In Otherwise Engaged, Simon Hench’??s icy heart beat out Sartre’??s mantra, ‘??Hell is other people’ with hilarious brutality until our laughter freezes in the waste of cruelty that is the last scene.
St John Quartermaine in Quartermaine’??s Terms can only whisper as his seemingly ordered life is almost stolen from him: ‘??Oh Lord!/Well – I say -?? / Oh Lord!’ It was the poetry of defeat (perfectly spoken) in a master-class from Edward Fox.
Close of Play starred Michael Redgrave as Jasper, a character whom, as Gray pointed out, lives in ‘??Hell buy discount xanax which turns out to be ‘??life, old life itself’??’.
Jameson, in The Rear Column, is one of five men isolated in the Congo ‘?- waiting, watching in Jeremy Irons’?? performance, as civilised behaviour, including his own, collapses. Geographically, the territory may have been alien -?? the moral issues remain the same -?? betrayal, particularly the betrayal of self, as demonstrated by six academics adrift, in their own way, on a literary magazine in The Common Pursuit.
In the heartbreaking Japes, the eponymous hero was played by Toby Stephens -?? his agonising disintegration witnessed by his appalled brother. Charles and Celia, the parents in The Late Middle Classes, are seemingly unaware of their son Holly’??s psychological growing pains during his dangerously sentimental education – one which will distort his soul forever. Their elective moral blindness destroys grace â?? as it almost always does in Gray’s universe.
This warning sounds out in all his plays.
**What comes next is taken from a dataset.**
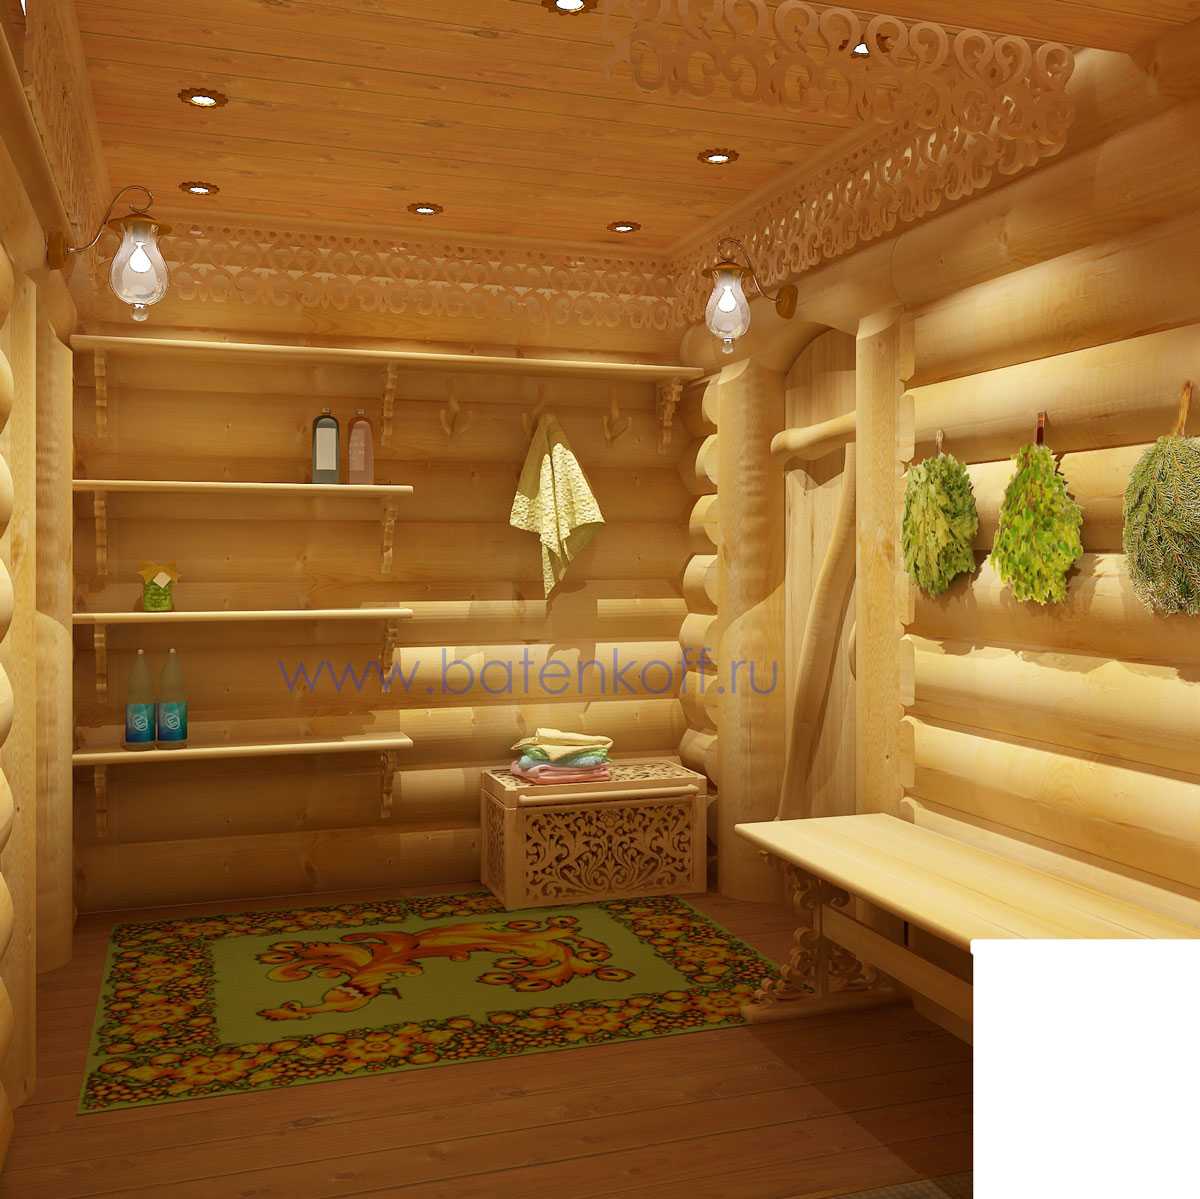 Внутренний интерьер бани с комнатой отдыха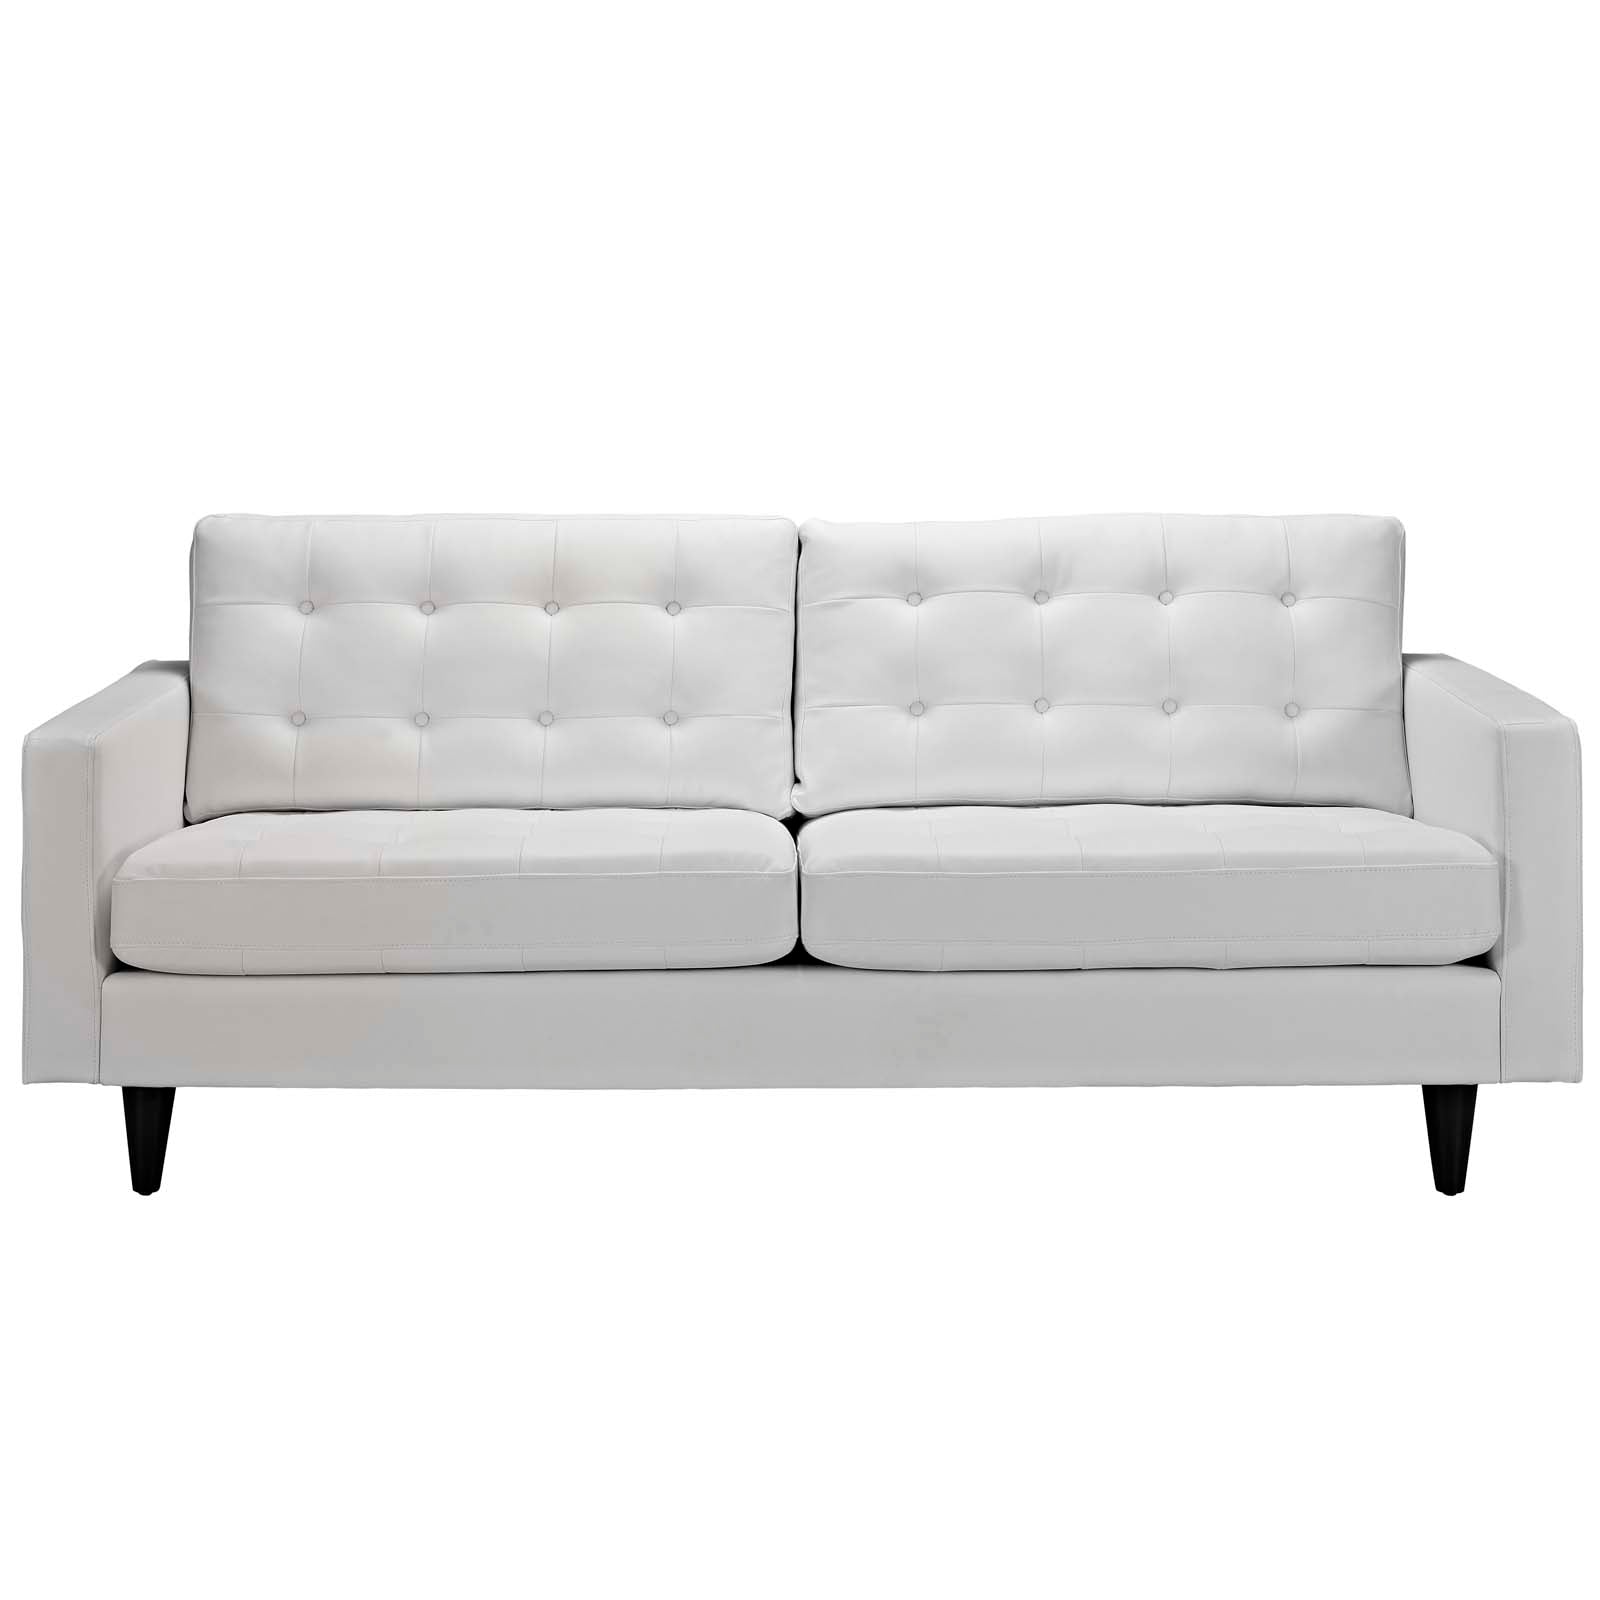 Modway Sofas & Couches - Empress Bonded Leather Sofa White

It is what gives them their moral tone. Attention must be paid to this above all else. No system is to blame -?? the fault lies in ourselves. Thus Gray’s work cuts along the nerve -?? a sometimes painful process. With his natural gift for comic timing, the soaring, thrilling laughter which drenches the plays was also his anaesthetic of choice. There was and is an artistic price to be paid. In the literary arts an almost Orwellian hierarchical system denies the accolade of greatness to work we designate as comedy. In this we are often wrong – forgetting that ‘??Excess of sorrow laughs/excess of joy weeps’.
There is a strange custom in contemporary theatre which ranks the political as of greater consequence than the examination of the human heart in conflict with itself. Truth is timeless, it has no accent and is beyond class and is as easily found in Moliere’??s court and Chekov’??s dying estates, in Rattigan’??s drawing rooms as in Gorky’??s lower depths. It lies in the interior and Gray was always on his way to the interior. The exterior was ever only the frame. His plays have little to say about the politics of the day. Arthur Miller shrewdly noted that before a play is -?? ‘??it is a kind of psychic journalism’, a mirror of its hour – and this reflection of contemporary feeling is precisely what makes many plays irrelevant to later times. What finally survives, when anything does, are archetypal characters and relationships which can be transferred to the new period.
Simon Gray left us a gallery of such characters to see us through life. Their vibrant nature, their thrilling command of language to torment, to seduce, to manipulate, will forever attract our best actors. Indeed few playwrights can number performances from so many artists whom one can truly describe as great. Nor can many boast that much of their work directed with such exquisite precision and celebration by one of theatre’??s seminal figures -?? fellow playwright and Nobel Laureate Harold Pinter: ‘Life in the theatre has not brought me anything more rewarding than directing Simon Gray’??s plays.’